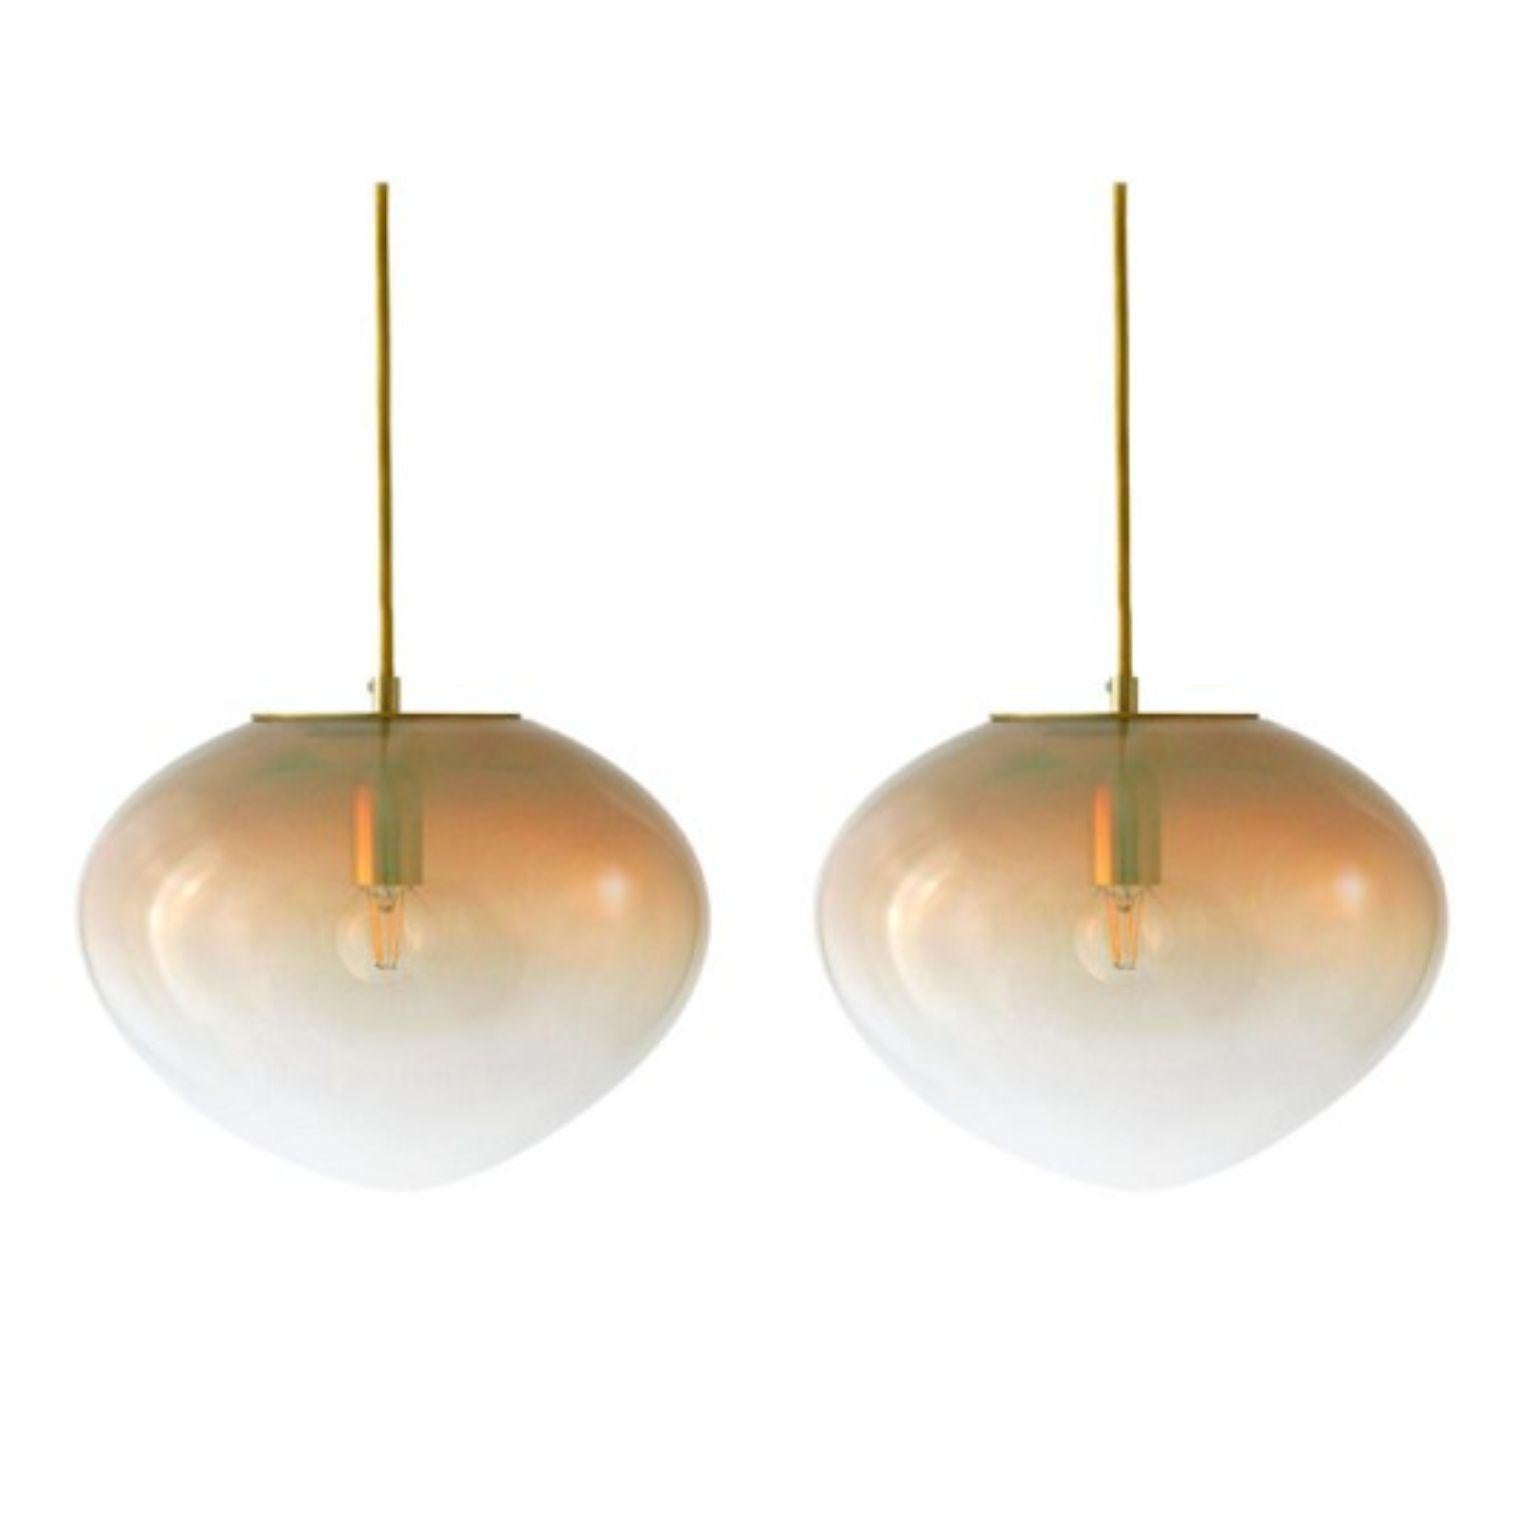 Set of 2 Sirius M pendants by ELOA.
No UL listed 
Material: LED bulb, glass.
Dimensions: D 27 x W 32 x H 20 cm.
Also Available in different colours and dimensions.

All our lamps can be wired according to each country. If sold to the USA it will be
====
[TASK TO COMPLETE]: Would you please print out all the records above exactly, minus any pictures?

[EXERCISE RESULT]:
 Set of 2 Sirius M pendants by ELOA.
No UL listed 
Material: LED bulb, glass.
Dimensions: D 27 x W 32 x H 20 cm.
Also Available in different colours and dimensions.

All our lamps can be wired according to each country. If sold to the USA it will be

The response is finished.